▸ **PROBLEM STATEMENT**: Each line below should be retyped exactly, with no pictures.

▸ **EXERCISE DATA**:
=== Begin Enclosure ===
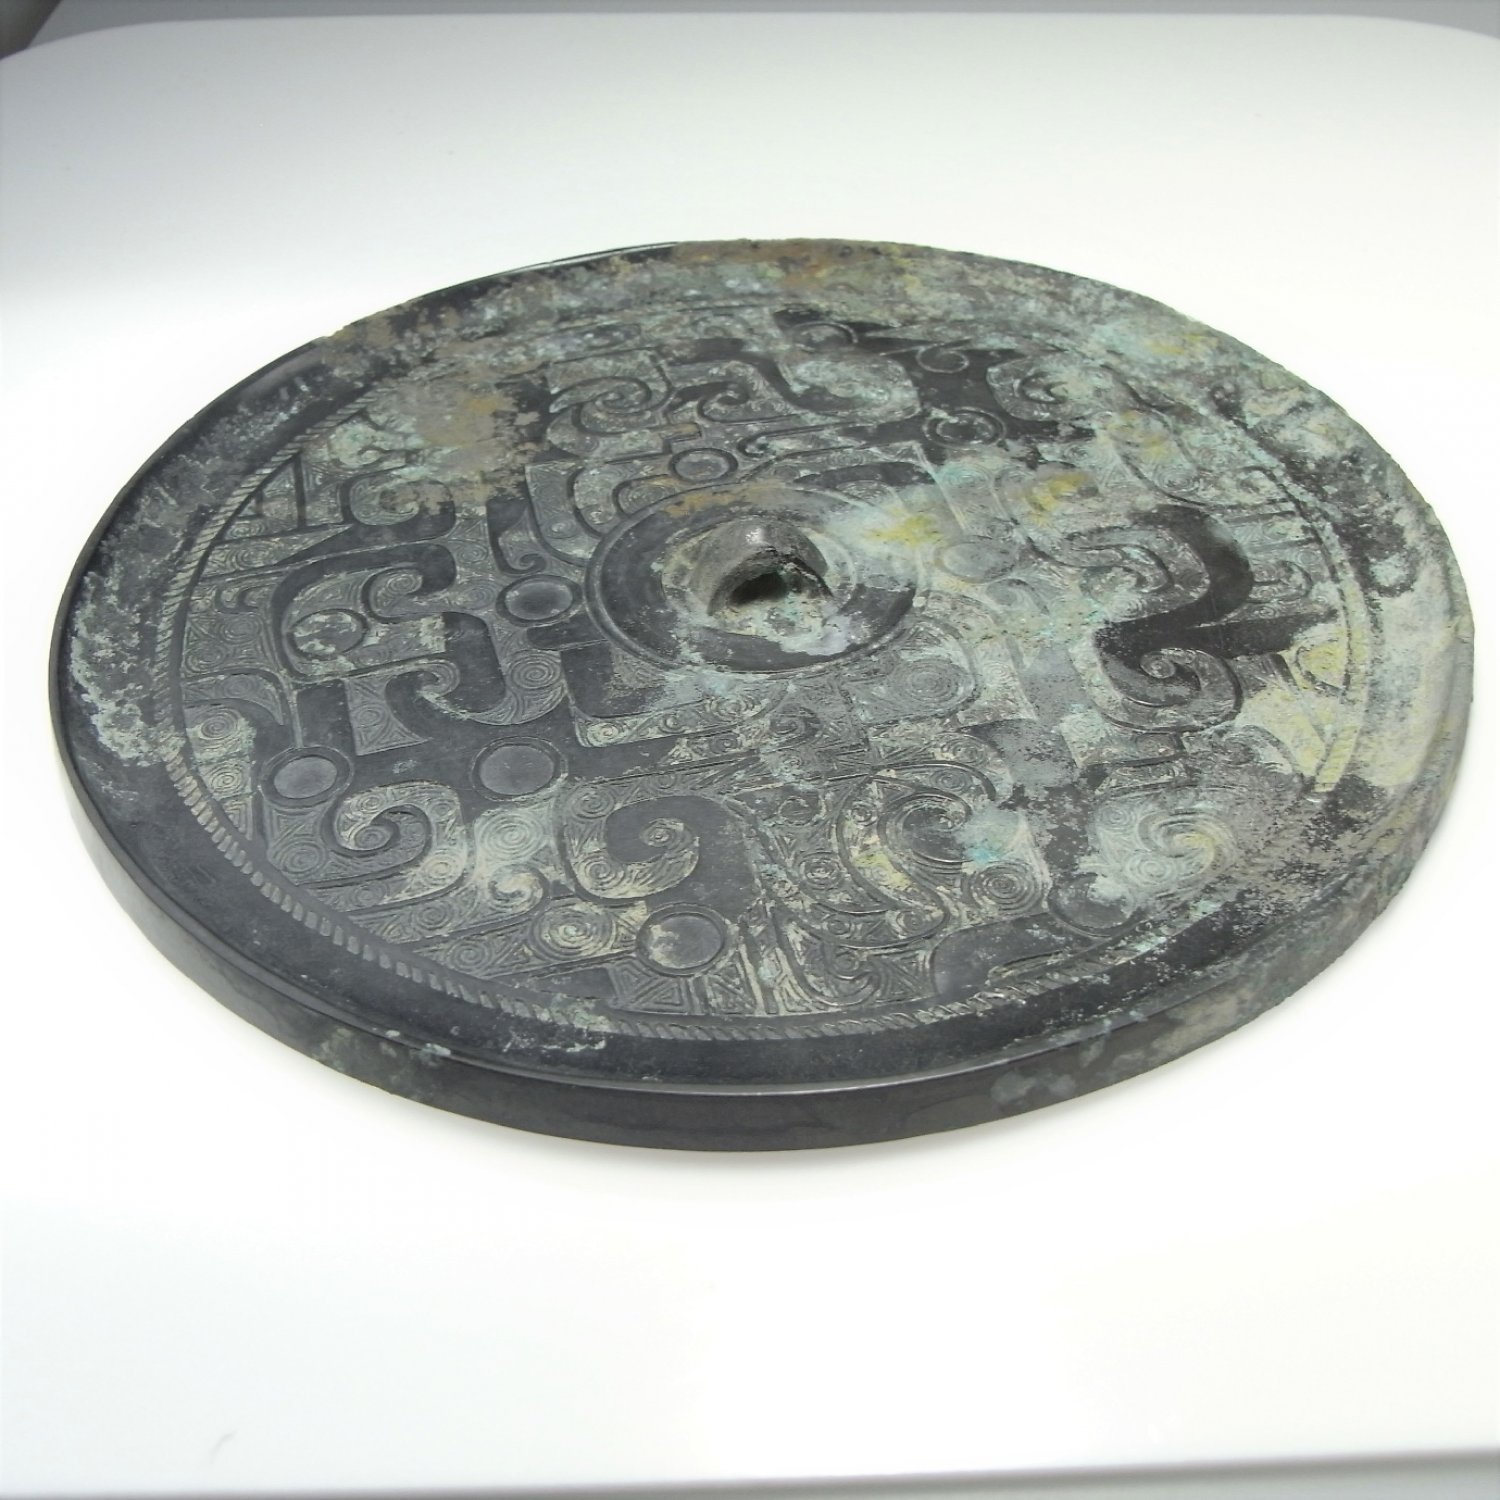 ANCIENT Warring States Bronze Mirror Chinese Art and Artifacts 
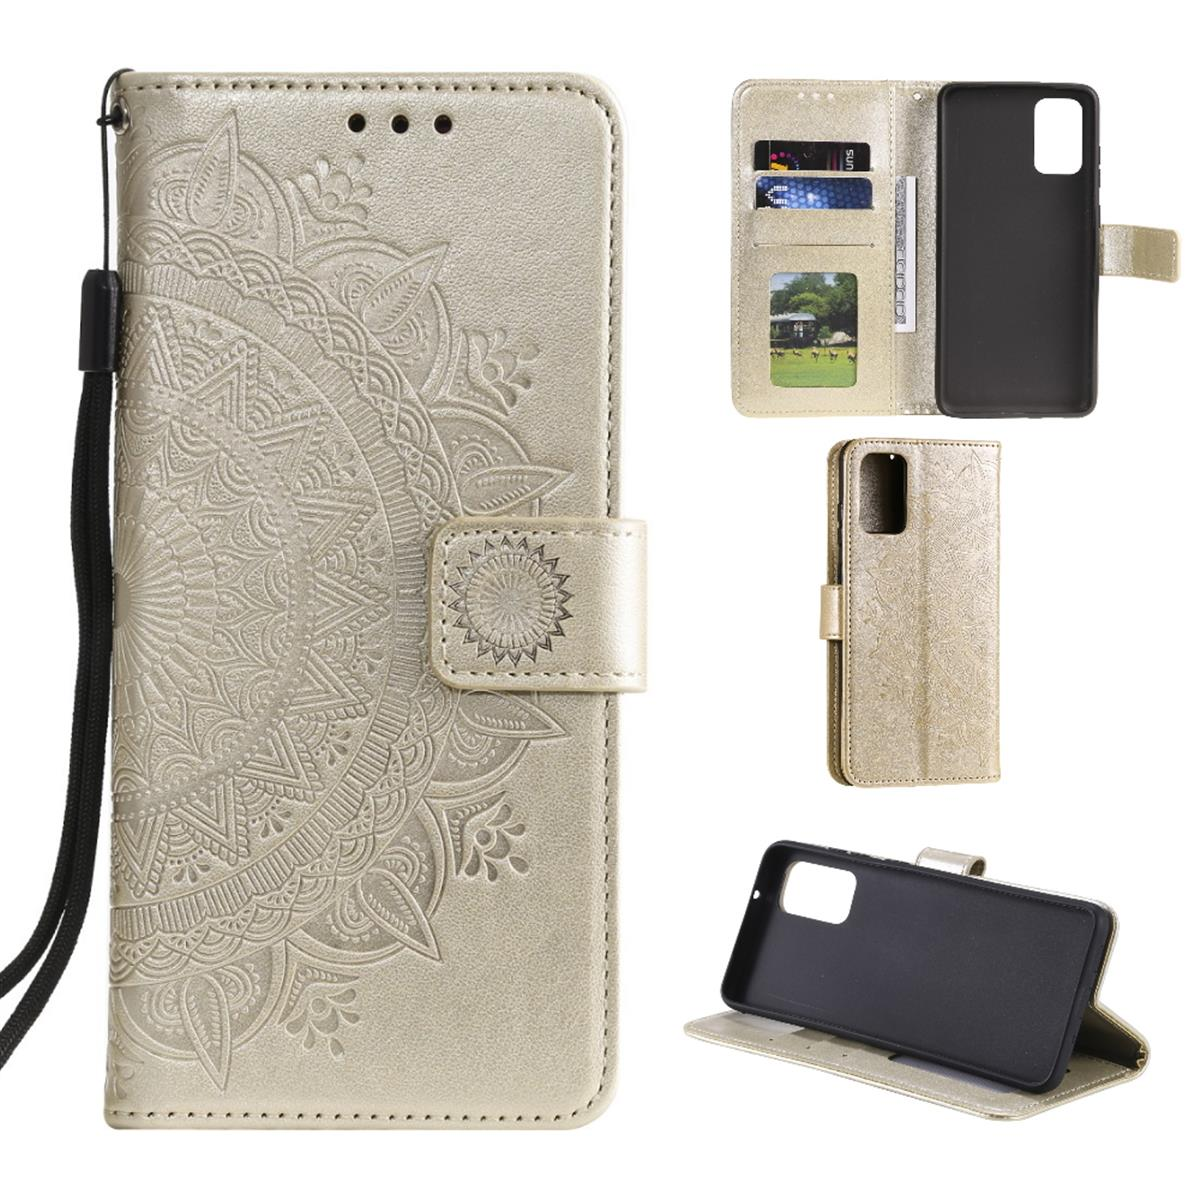 Muster, S20, Gold Klapphülle mit Samsung, Galaxy COVERKINGZ Mandala Bookcover,
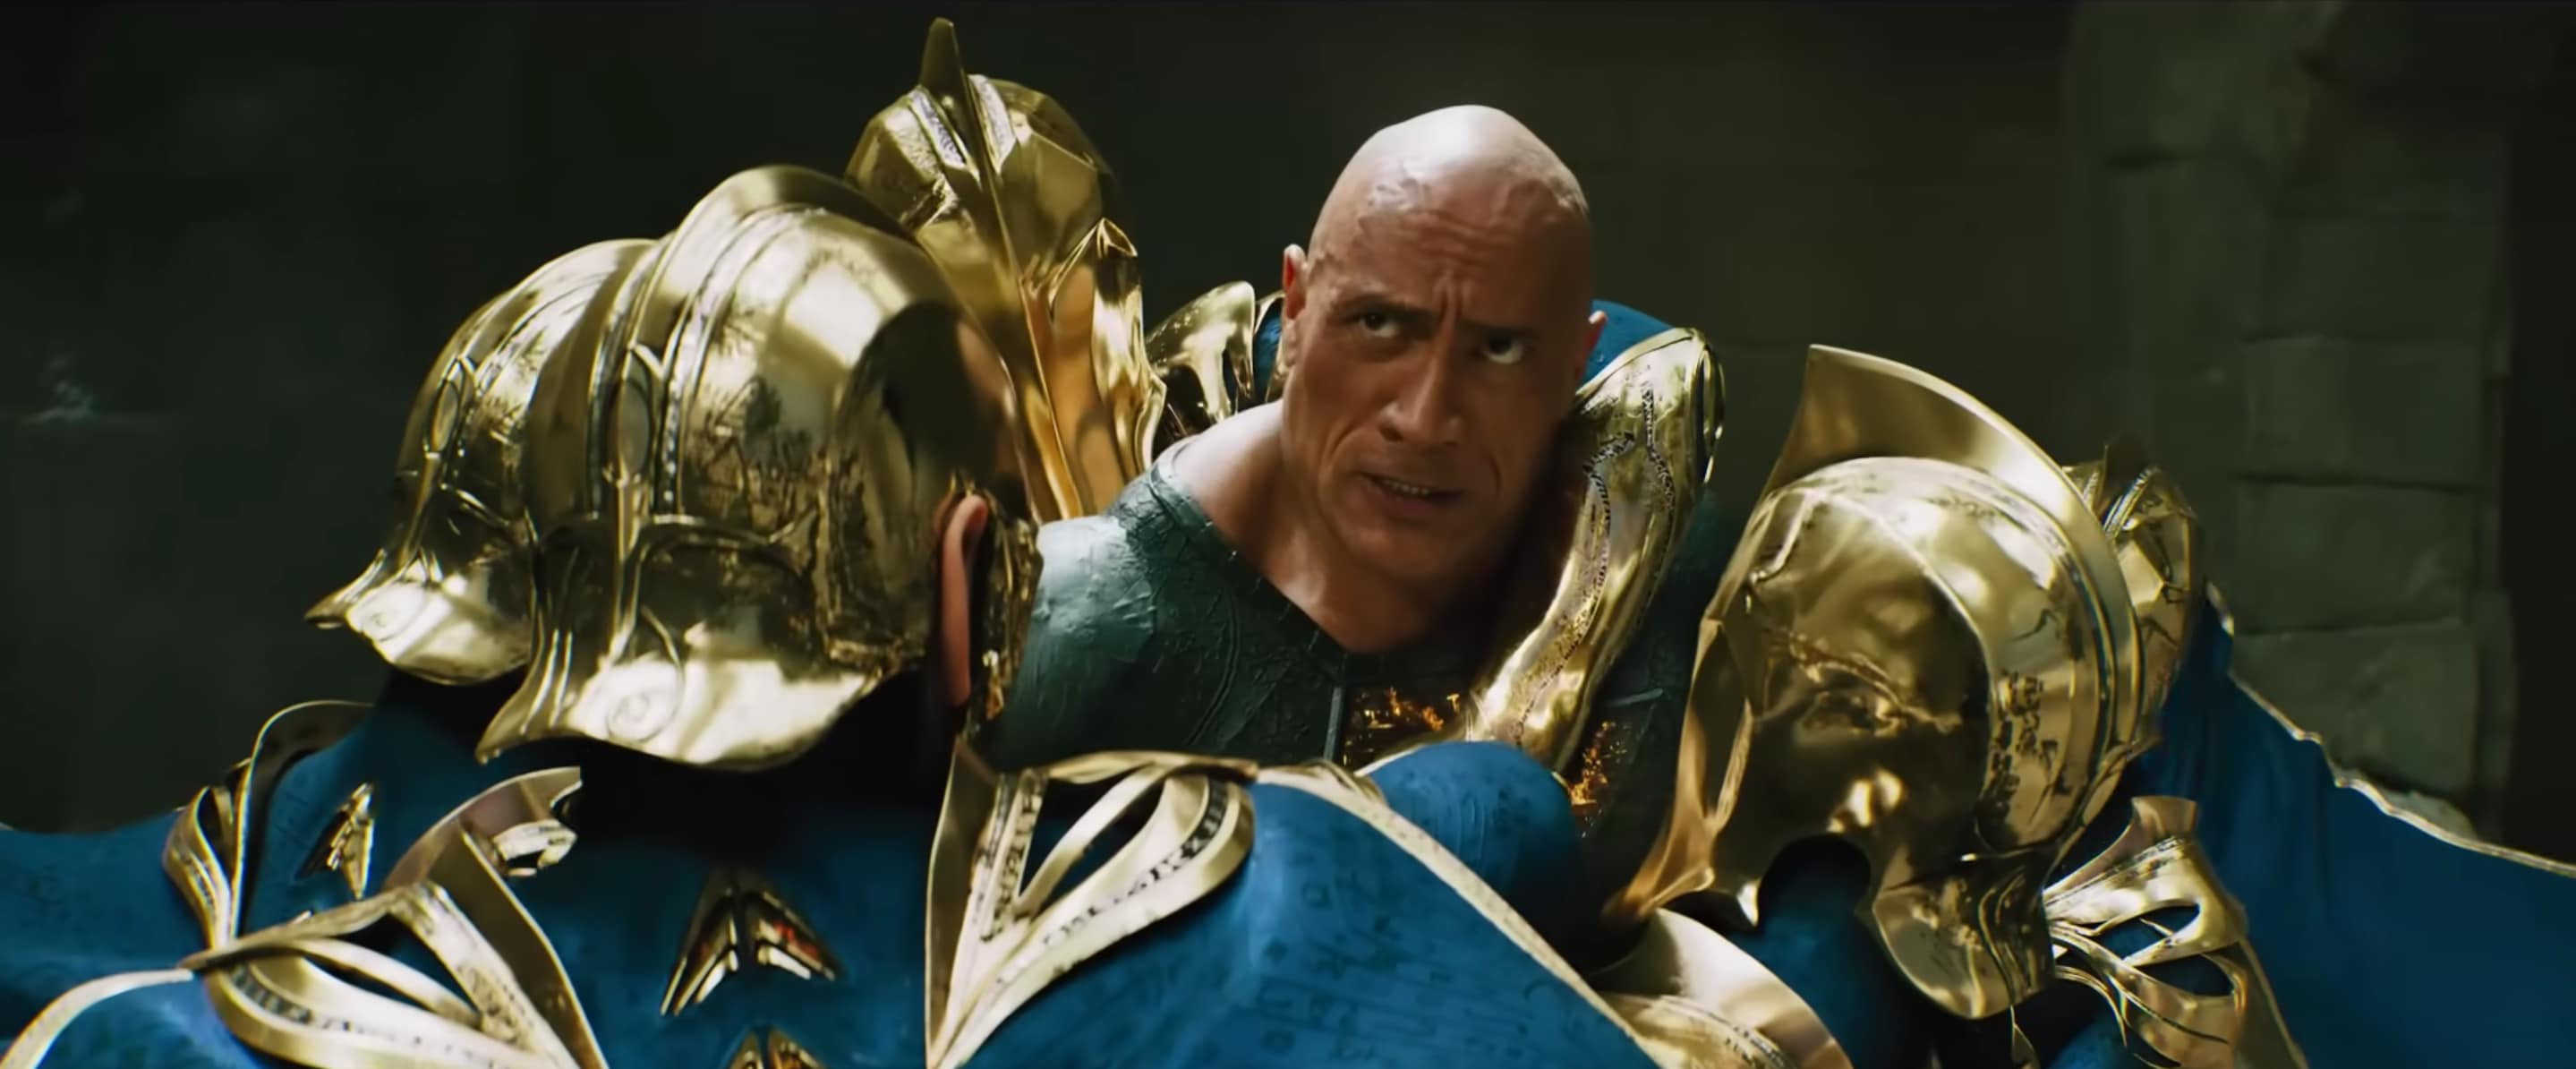 Dwayne Johnson in a still from the movie.
=== End Enclosure ===
▸ **EXERCISE RESPONSE**:
 ANCIENT Warring States Bronze Mirror Chinese Art and Artifacts 
 Muster, S20, Gold Klapphülle mit Samsung, Galaxy COVERKINGZ Mandala Bookcover,
 Dwayne Johnson in a still from the movie.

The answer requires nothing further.